これには大きく分けて2つのタイミング(方法)があります。

タイミングの種類メリットデメリット
計画無痛分娩(あらかじめ決めた日に入院し、陣痛誘発剤と同時に麻酔を始める)陣痛の初期から麻酔を使えるため、最初から最後までほとんど痛みを感じずにお産を進められます。入院日が固定されるため、赤ちゃんの自然なタイミングを待つことができません。
自然無痛分娩(自然な陣痛を待ち、子宮口が一定(3〜5cm)まで開いてから麻酔を始める)赤ちゃんが生まれたいタイミングに合わせられ、お産の進みがスムーズになりやすいです。麻酔を注入する準備が整うまでは、通常の陣痛を一定時間耐える必要があります。

 

自然無痛分娩の場合、一般的な麻酔開始の目安は以下の条件が整ったときです。

・規則的な陣痛の間隔が5分前後になった

・内診で子宮口が3〜5cm程度開いた

施設によって条件は異なると思いますが、どこの施設でも産科医や麻酔科医、助産師が妊婦さんの状況を慎重に見極め、ベストなタイミングを判断します 。


6. 無痛分娩でも痛みが強くなりがちな人

残念ながら、全員が100%同じように「痛くないお産」になるわけではありません。中には、麻酔をしていても痛みが強くなりやすいケースがあります。

赤ちゃんの位置がズレているとき

赤ちゃんは通常、産道をクルクルと回りながら上手に降りてきます。この向きが上手くいかないと、赤ちゃんの頭が骨盤の神経を強く圧迫し続け、麻酔の隙間を突き抜けるような強い腰の痛みを感じることがあります。

お産の進みが急激すぎるとき

麻酔薬が神経に浸透して効果を発揮するまでには15〜20分ほどかかります。麻酔を追加する間もないほど急激にお産が進んでしまうと、麻酔の効果が追いつかずに痛みを感じてしまうことがあります。

カテーテルの位置に偏りがあるとき

背中に入っている細い管(カテーテル)が、寝返りや体の動きでわずかにズレると、「右側だけ痛い」「一部分だけ麻酔が効かない」という「片効き」が起こることがあります。


7.まとめ

無痛分娩のリアルな痛みについてイメージは湧きましたでしょうか?

「無痛」という言葉から「完全なる無感覚」を期待してしまうと、お産の現場で「思ったより感覚がある…」と焦ってしまうかもしれません。しかし、「激しい痛みを、コントロール可能な心地よい張りに変える医療」だと知っておけば、リラックスして当日を迎えられるはずです。

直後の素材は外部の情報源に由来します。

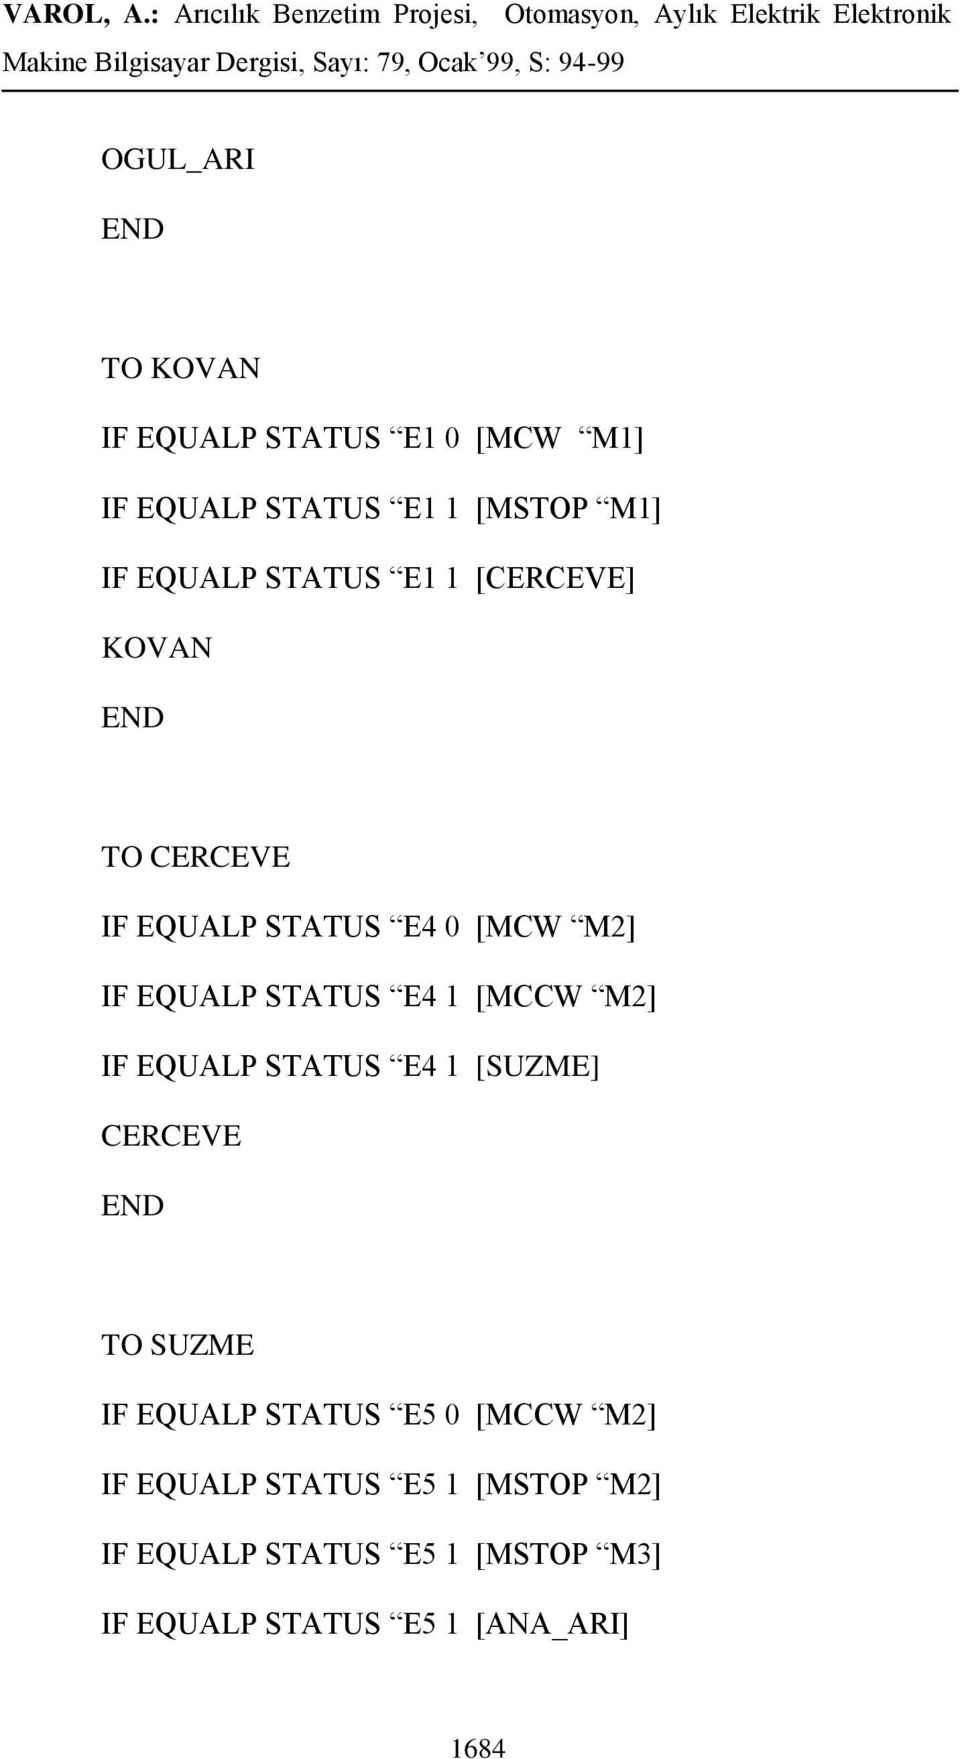 [MCCW M2] IF EQUALP STATUS E4 1 [SUZME] CERCEVE END TO SUZME IF EQUALP STATUS E5 0 [MCCW M2] IF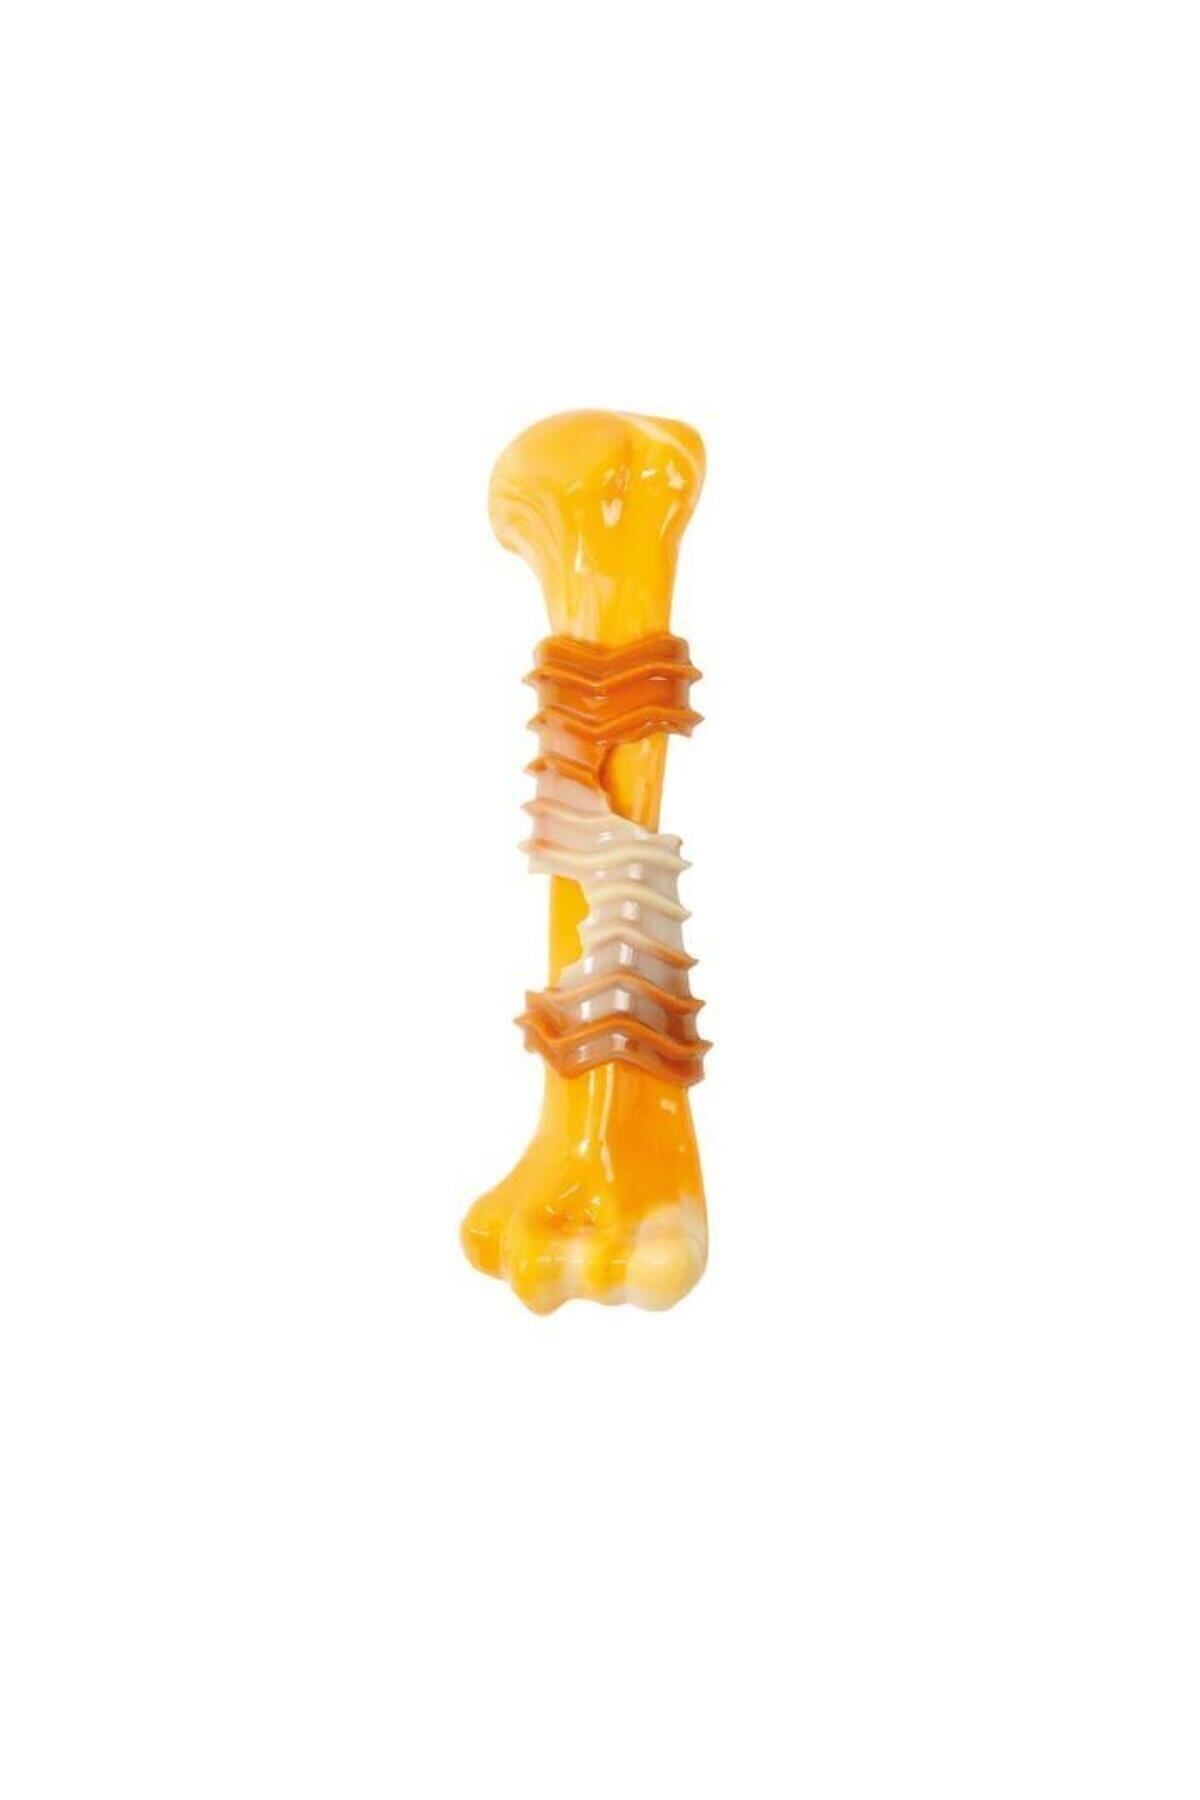 M-PETS Carnivore Dog Toy Stick Bone Pastırma

もし分娩の途中で「目標の2〜3を超えて痛くなってきたな」と感じたら、絶対に我慢しないでください。私たちスタッフが、麻酔の量を増やしたり、カテーテルの位置を調整したりして、全力であなたの快適なお産をサポートします。

不安なことや希望の痛みのレベルがあれば、ぜひ事前の妊婦健診で気軽に相談してください、ではでは!